Solar provided 11.5% of Britain’s electricity in May, a lot more than Australia

For all of the Australian government’s boasting about the uptake of solar in Australia – via programs that it tried to stop, but couldn’t – here’s one statistic that may surprise many people: In the UK in the month of May, solar provided 11.5 per cent of grid demand. In Australia in the same month, it was just 7.2 per cent.

Great Britain, of course, is not the first name that comes to mind when thinking of countries with great solar resources, but its growing share of solar – through both rooftop and large scale installations – is part of a dramatic shift in its electricity grid in recent years.

The number was celebrated this week by National Grid ESO, which operates the grid in Great Britain and which also noted that May was the first coal-free calendar month since the industrial revolution (see table above), and a new record low day for carbon intensity.

“Great Britain’s incredible coal-free run has continued throughout May, giving us the first full calendar month – 744 straight hours – of electricity generation without coal since the industrial revolution,” National Grid’s head of control Roisin Quinn said in her monthly report.

“Low demand on the electricity system continues to present our control rooms engineers with a unique challenge – particularly with two May bank holiday weekends within two weeks relaxing already low demand even further.

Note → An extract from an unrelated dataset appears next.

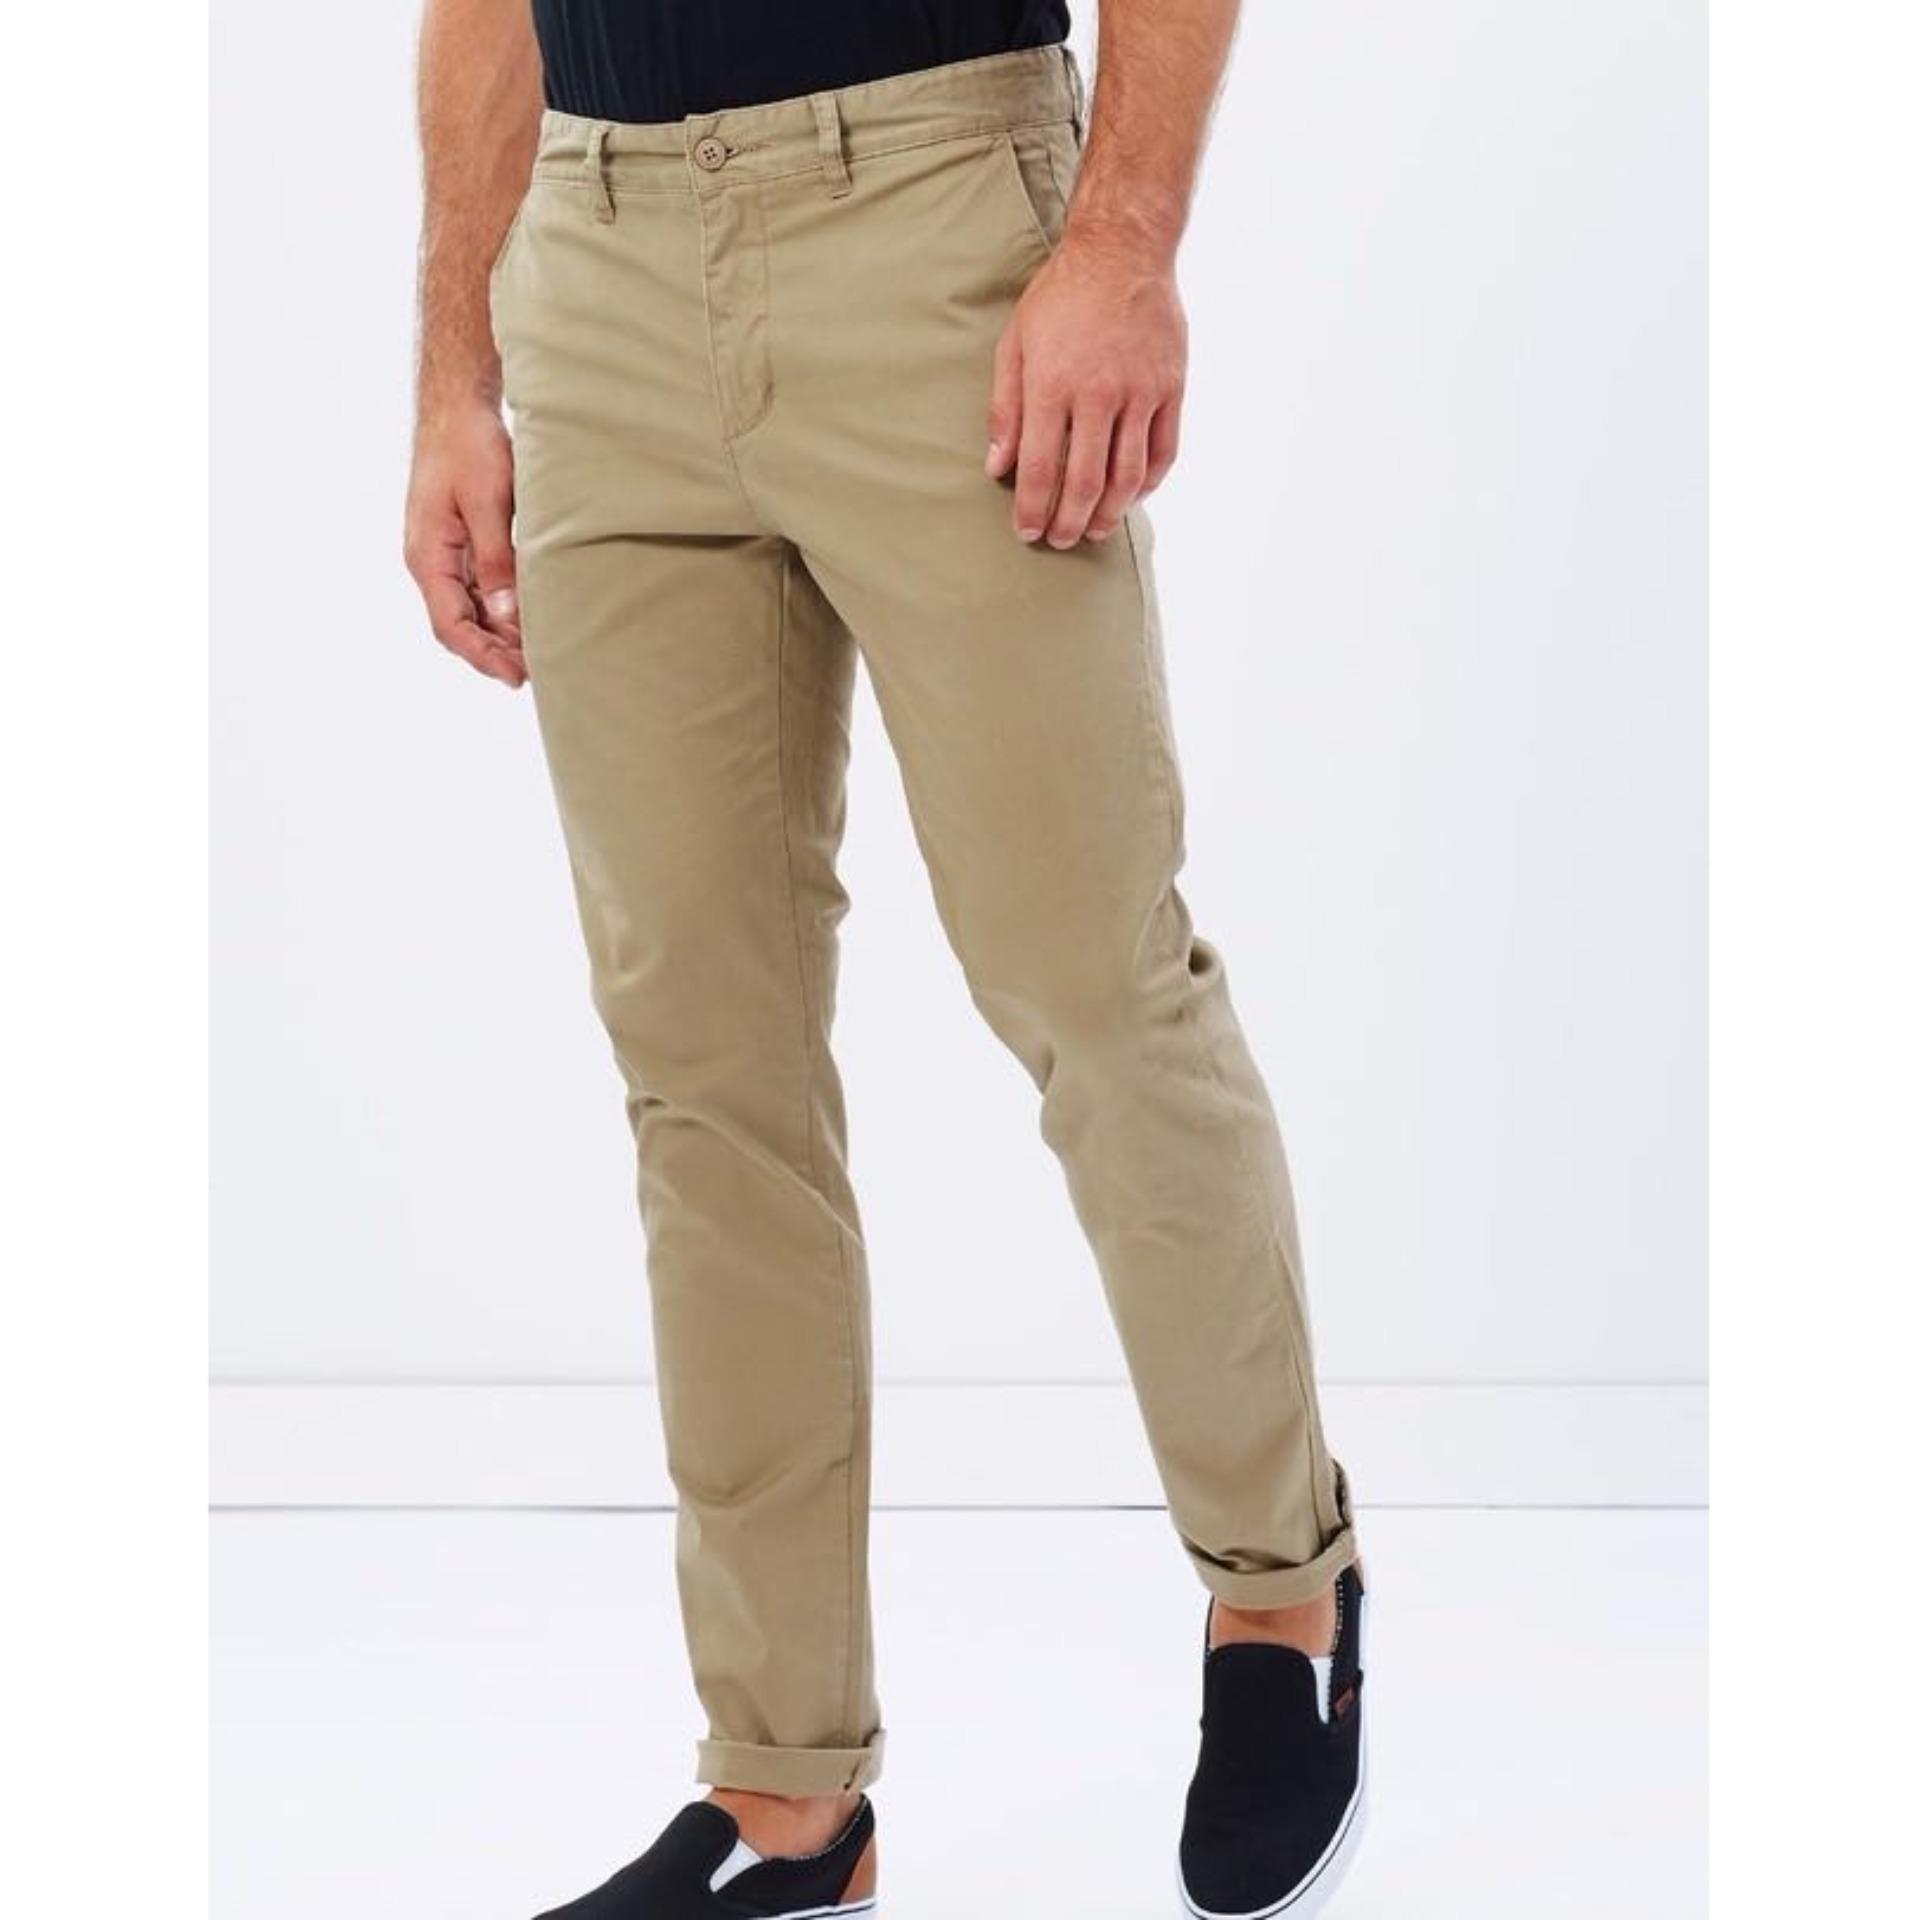 Celana Chino Katun Panjang Pria

“On the afternoon of Sunday 24 May we saw the grid at its all-time greenest, with a new record low carbon intensity of 46 gCO2kWh (the amount of carbon produced for every kilowatt-hour of electricity used) helping May to become the greenest month we’ve ever seen on the electricity system.

“The weather (and to a lesser extent the lower demand) is the leading factor in these records and trends, and although May’s sunshine didn’t power us to a record high (in terms of aggregate output), overall solar share was up from last month – with periods where solar was comfortably our top power source, sometimes making up a third of the country’s electricity generation mix.”

Australia, which continues to experience a rooftop solar boom – with more than 2.2GW installed in 2019 and likely to easily beat that in 2020 – as well as significant growth in large scale solar – has managed to match the UK’s share in its best solar months (in Australia, in terms of solar share, this is usually November or December because of good solar resources and relatively low demand).

According to Dylan McConnell from the Energy Transition Hub, the share of solar in Australia’s main grid in December last year was 11.5 per cent, equal to the UK’s best. Over the last 12 months, the share of solar (both rooftop and utility scale) has been 8.6 per cent.

The peak share of wind and solar in Great Britain in May was 67 per cent, and the average for the month from wind and solar was 27 per cent. On top of that, there was also an 8.75 per cent contribution from biomass, although the carbon intensity of burning wood pellets is of concern to many environmentalists and renewable campaigners.

Great Britain last generated power from a coal fired generator in early April, at the Drax facility. Australia’s main  grid sourced 67 per cent of its demand from coal power over the last 12 months.

National Grid ESO says it will be able to fully operate Great Britain’s electricity system with zero carbon by 2025. “We’re really proud of our zero carbon targets,” it says. Australia’s government thinks zero carbon is an affront to the economy.